We still do about 6-7 myelograms a week here. The fluoroscopic examination is followed by a CT scan. Mostly its either people that can't have an MRI or those with hardware in the back which makes MRI problematic.

We definitely learn a very large number of different types of studies during residency. Once you've learned the principles of the imaging, new studies are generally less difficult to understand.
 
Does it eventually become second nature to radiologists and they'll immediately be able to tell you the CPT code for most of these procedures?
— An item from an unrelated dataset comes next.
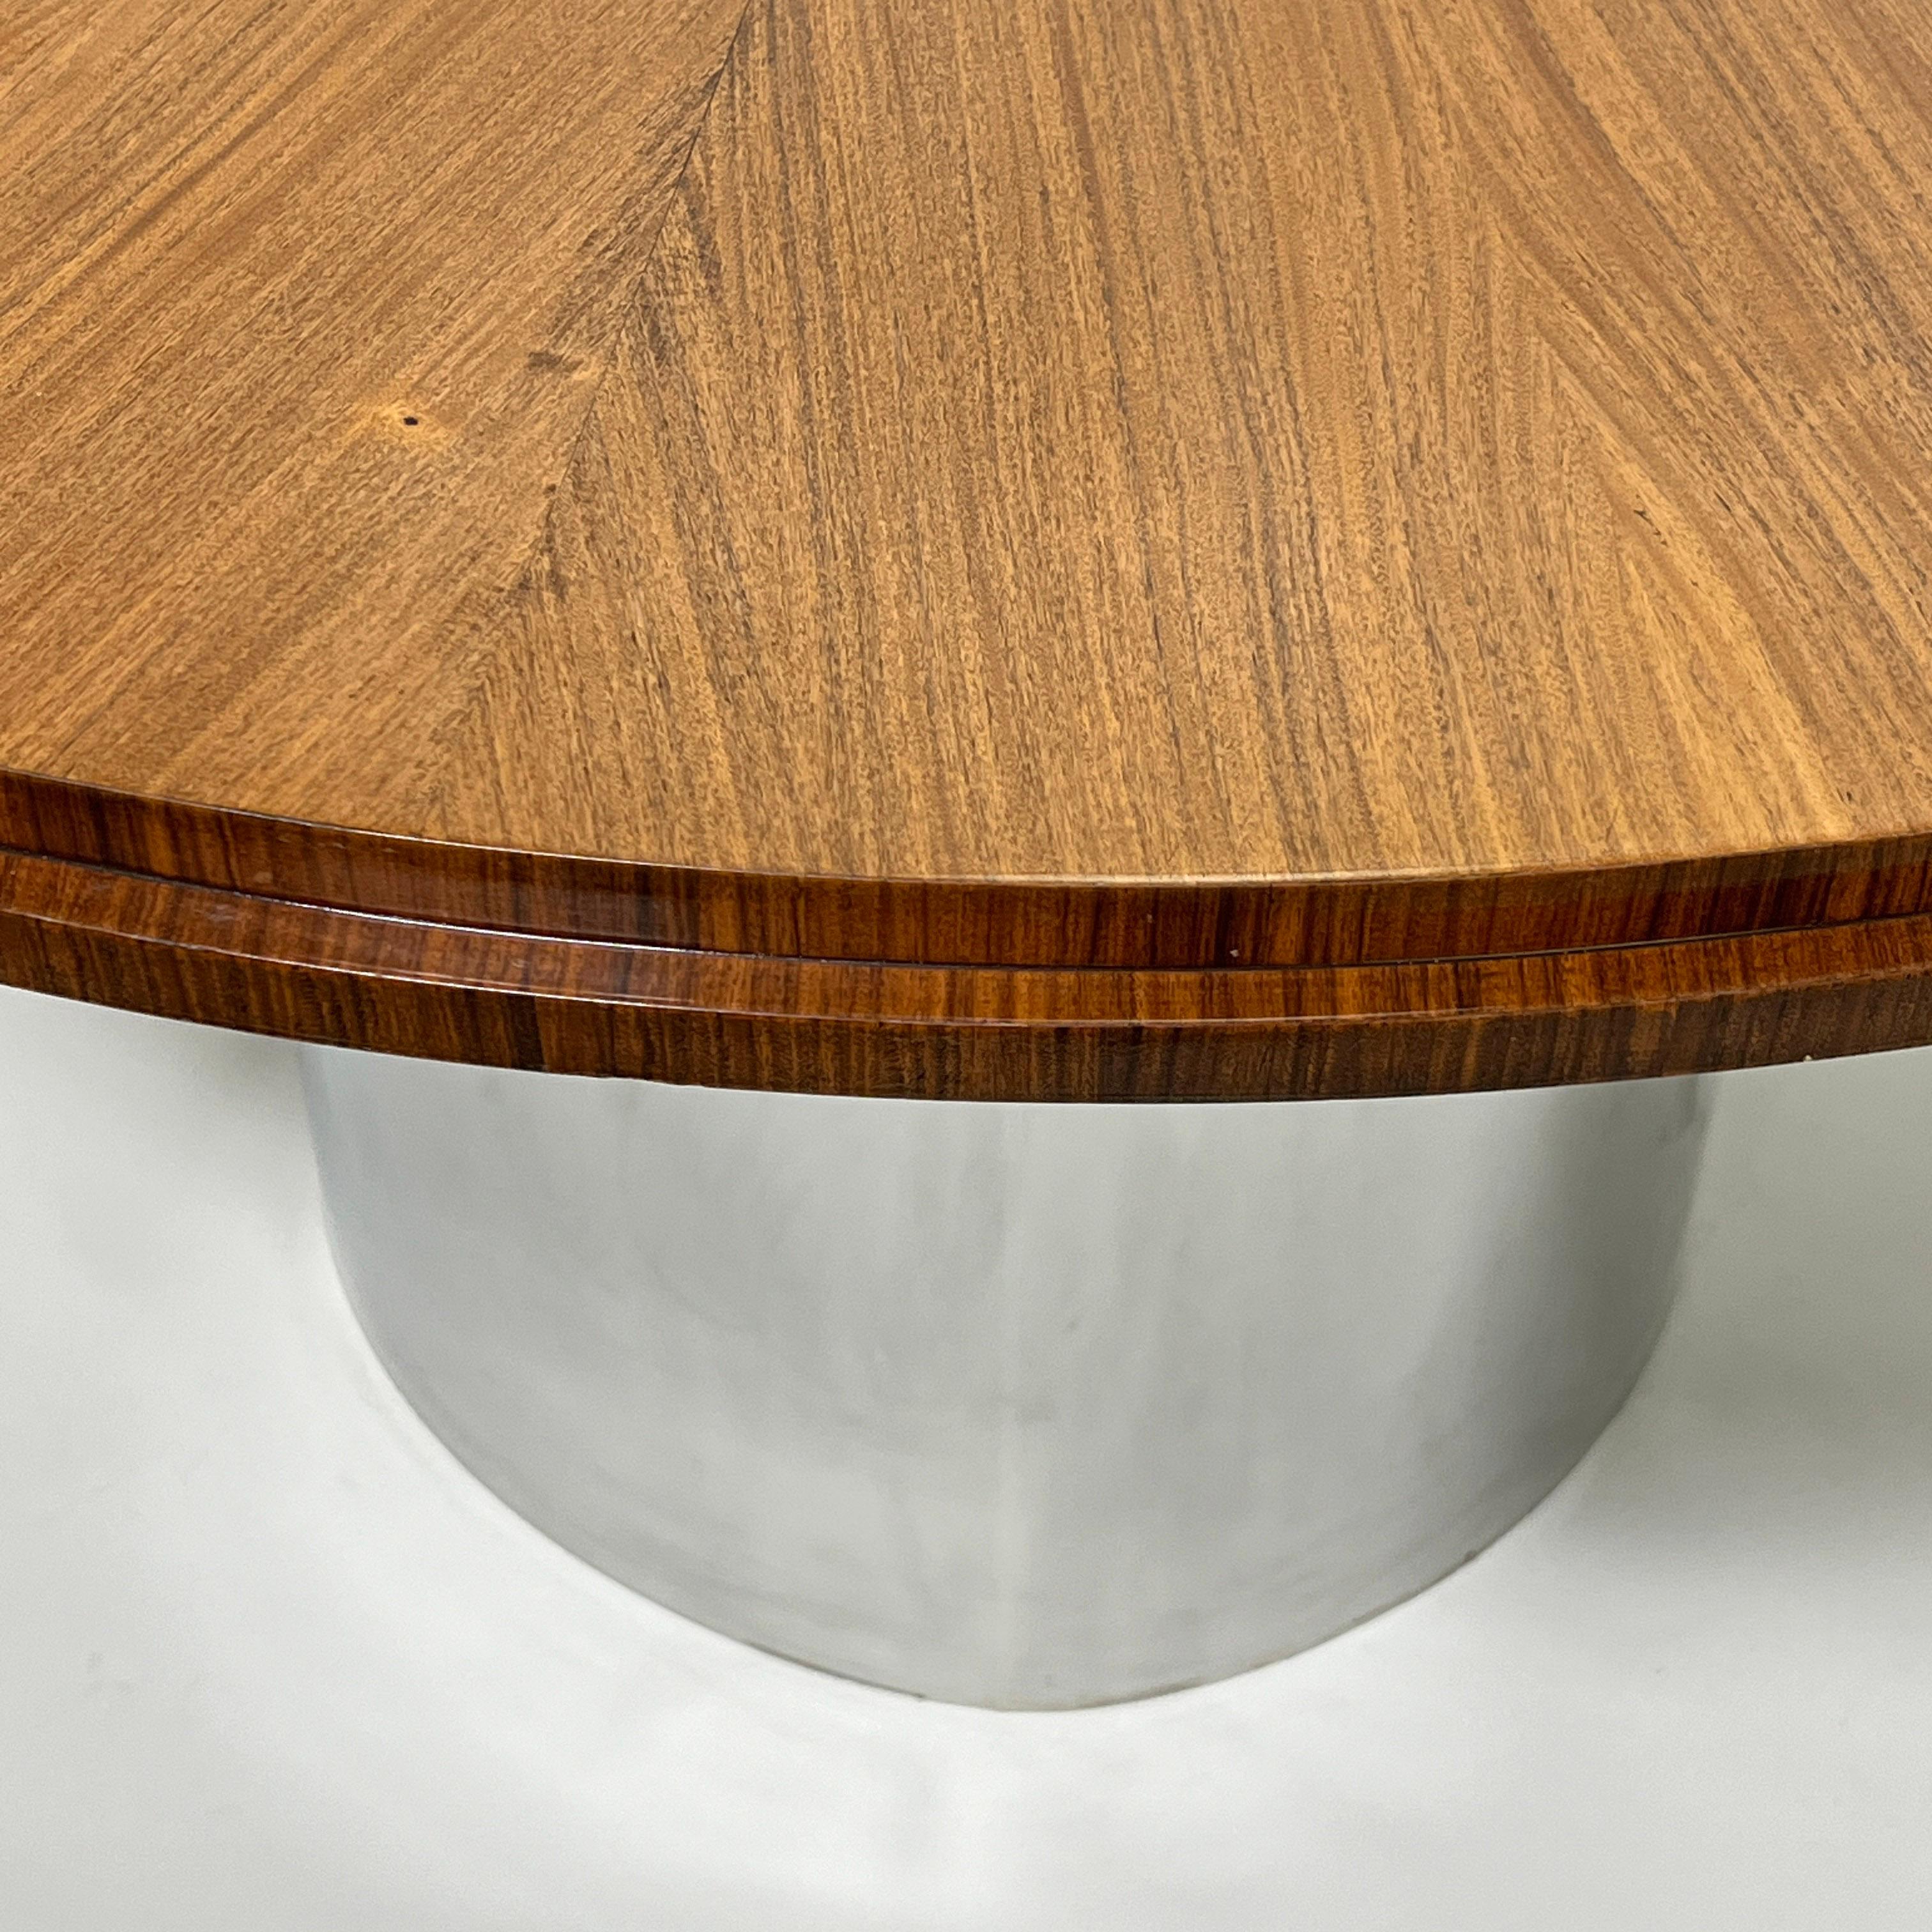 A 1970s custom made expanding dining table in the manner of Karl Springer. The top, veneered in mahogany with a wenge edge, rests upon a custom chromed steel pedestal. It is expandable from 50” without leaves to 74” with five book-matched elbow

Entirely depends on how the practice you work for does its billing:

- If the practice bills off your reports, all you need to have in there are the correct verbal descriptors. A computer program aided by a trained medical biller will translate that into the correct CPTs (and do the necessary edits).

- If you have to code you studies, of course you will have the numbers down cold after a while. Some of the older private practice guys who did this type of typically in-house billing can rattle all the 28 pages from their memory.

In IR you will still find physicians doing their own coding. It is incredibly byzantine and complex. If you did the procedure and you have an understanding of IR billing, it is a lot easier to generate the codes yourself rather than having a biller extract the information from your report.
 
The conventional myelogram is pretty much dead. But as WBC pointed out, CT-myelograms are not so uncommon, mainly in pacemaker patiens and post-surgical backs.